# Data section:
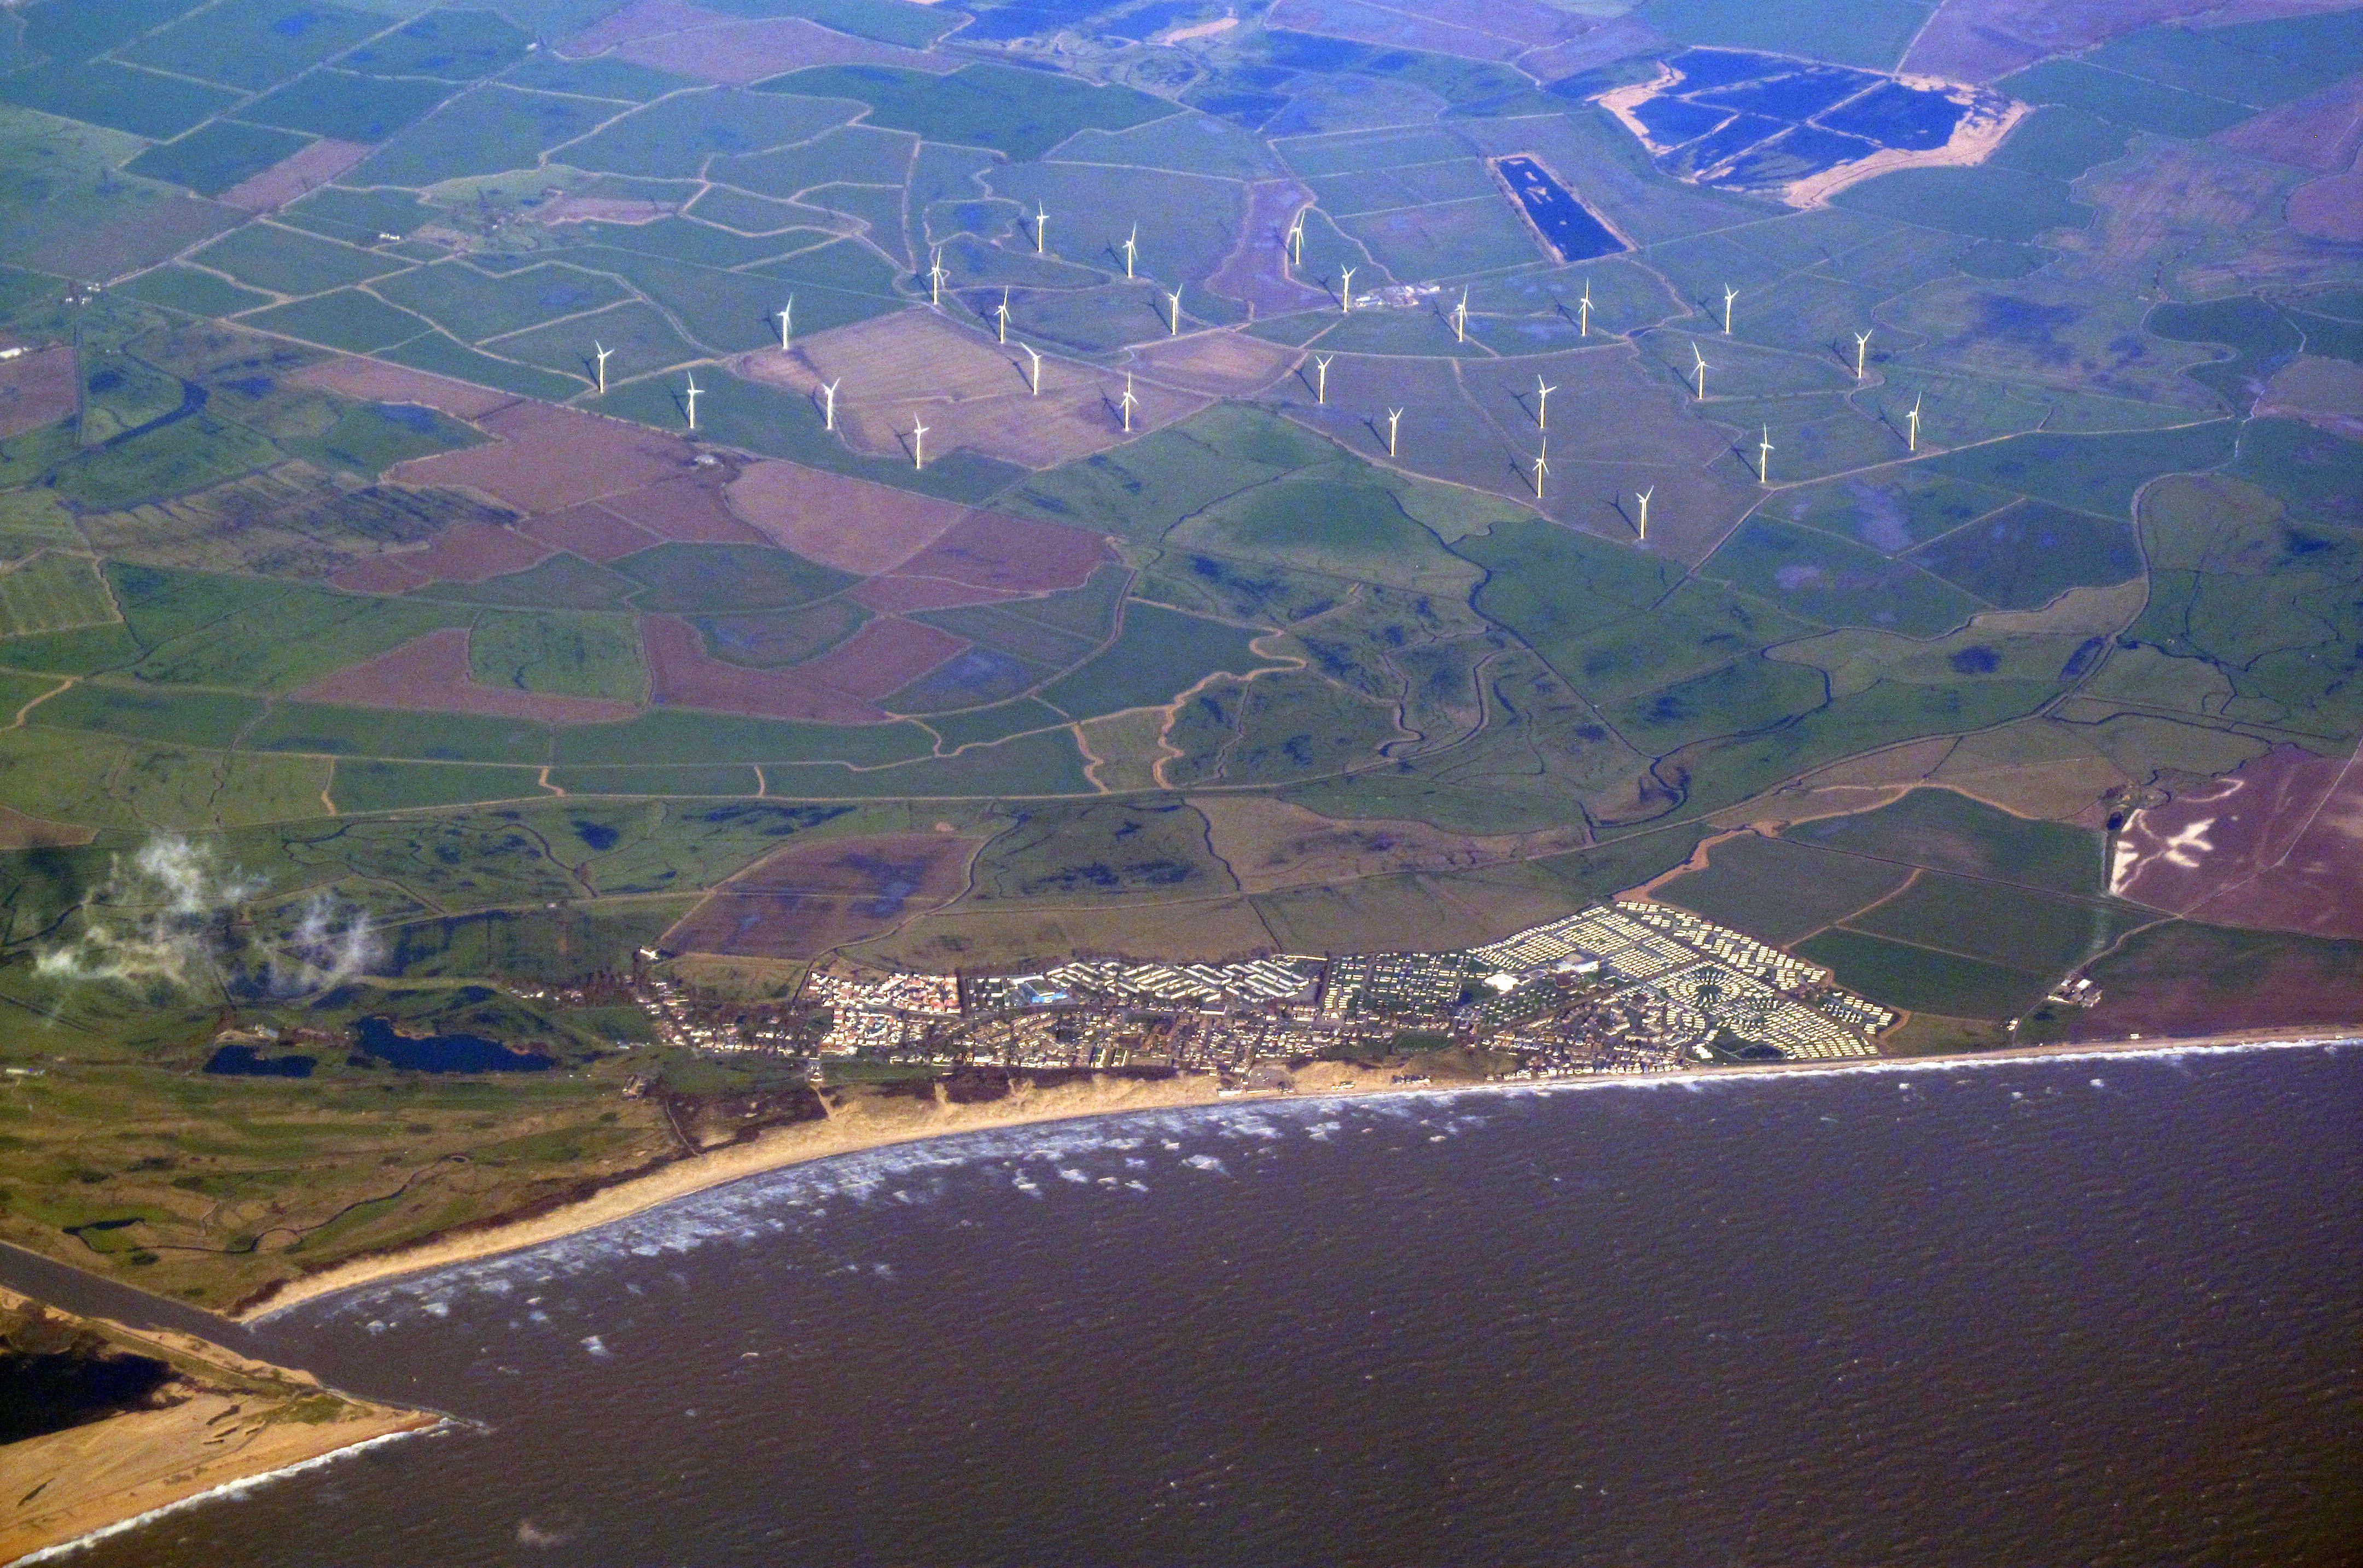 Dallington United Kingdom  City pictures : Aerial view, showing the Dallington, United Kingdom
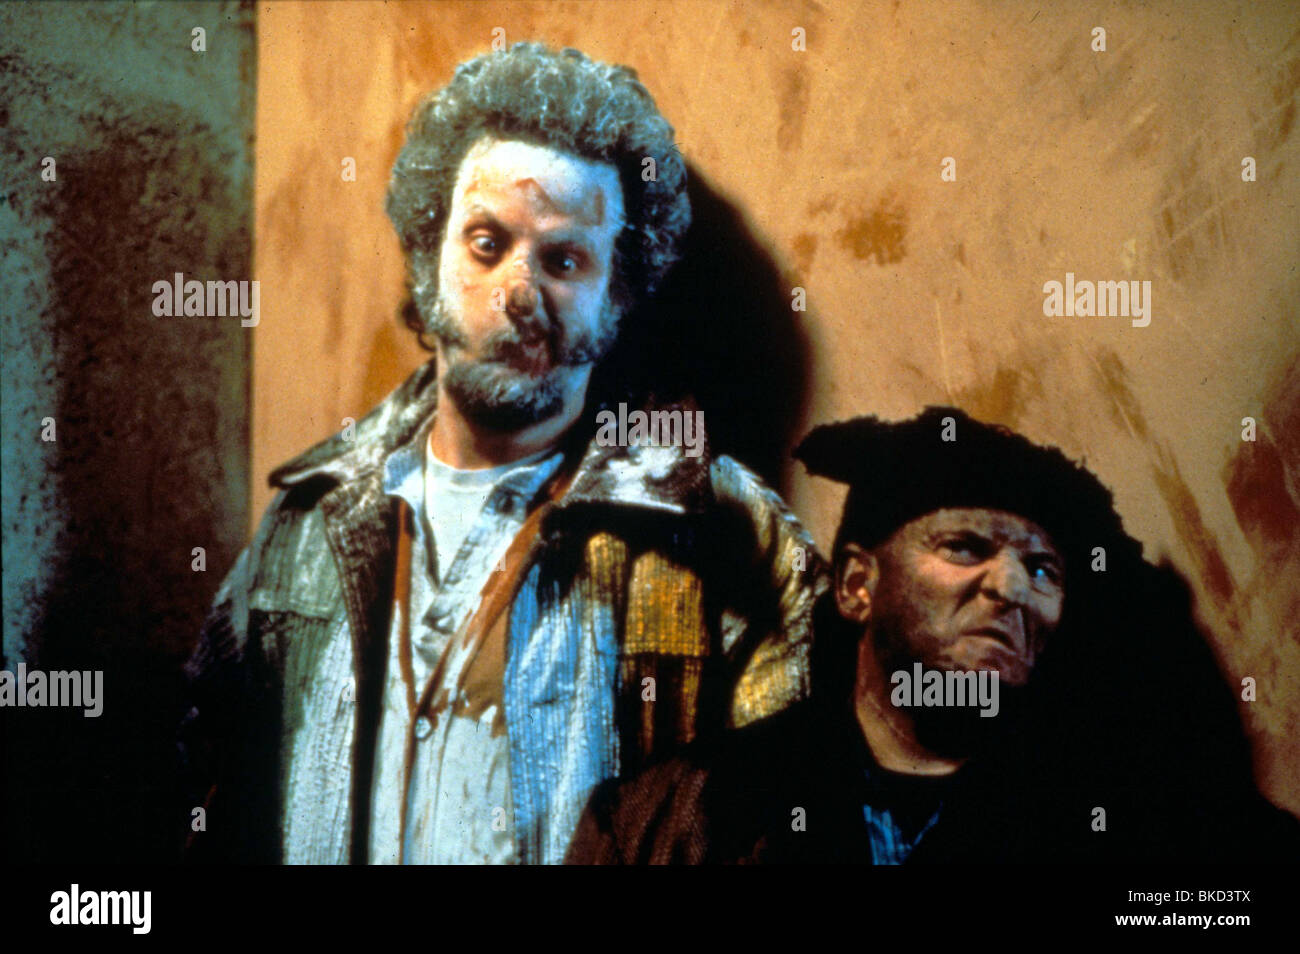 Home Alone 2 Lost In New York 1992 Daniel Stern Joe Pesci Hm2 040 Stock Photo Alamy
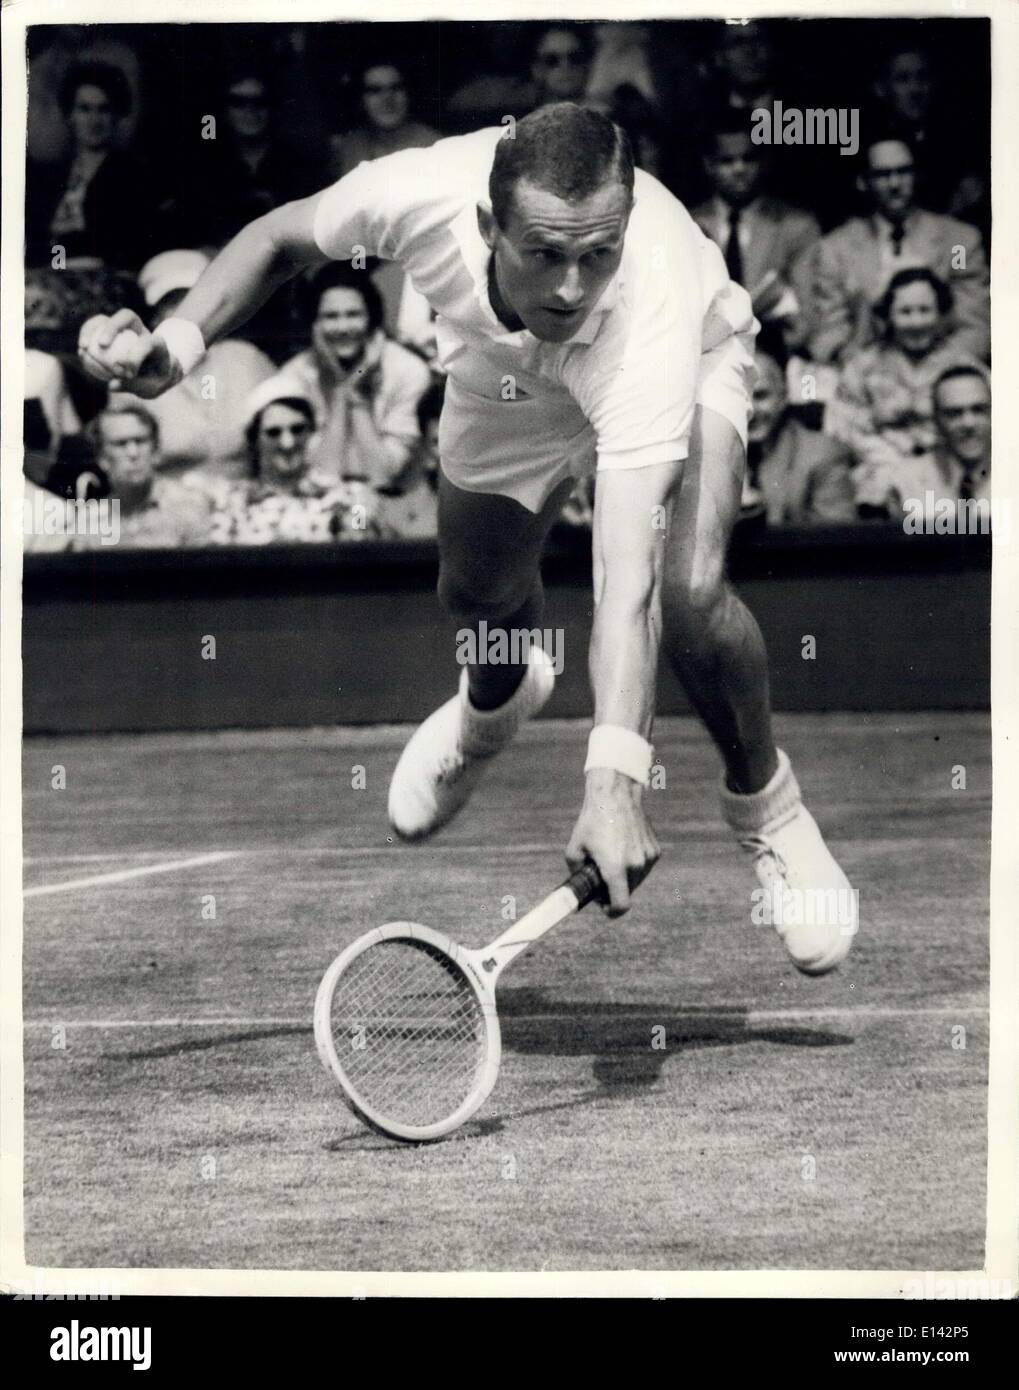 Apr. 04, 2012 - Tennis At Wimbledon - Men's Semi-Finals. K.Nielsen V. N. Fraser. Photo shows Neale Fraser Australia , in play a - Stock Image

# Exercise prompt:
Give the data above back unchanged, except for the pictures.

# Task answer:
 Dallington United Kingdom  City pictures : Aerial view, showing the Dallington, United Kingdom
 Home Alone 2 Lost In New York 1992 Daniel Stern Joe Pesci Hm2 040 Stock Photo Alamy
 Apr. 04, 2012 - Tennis At Wimbledon - Men's Semi-Finals. K.Nielsen V. N. Fraser. Photo shows Neale Fraser Australia , in play a - Stock Image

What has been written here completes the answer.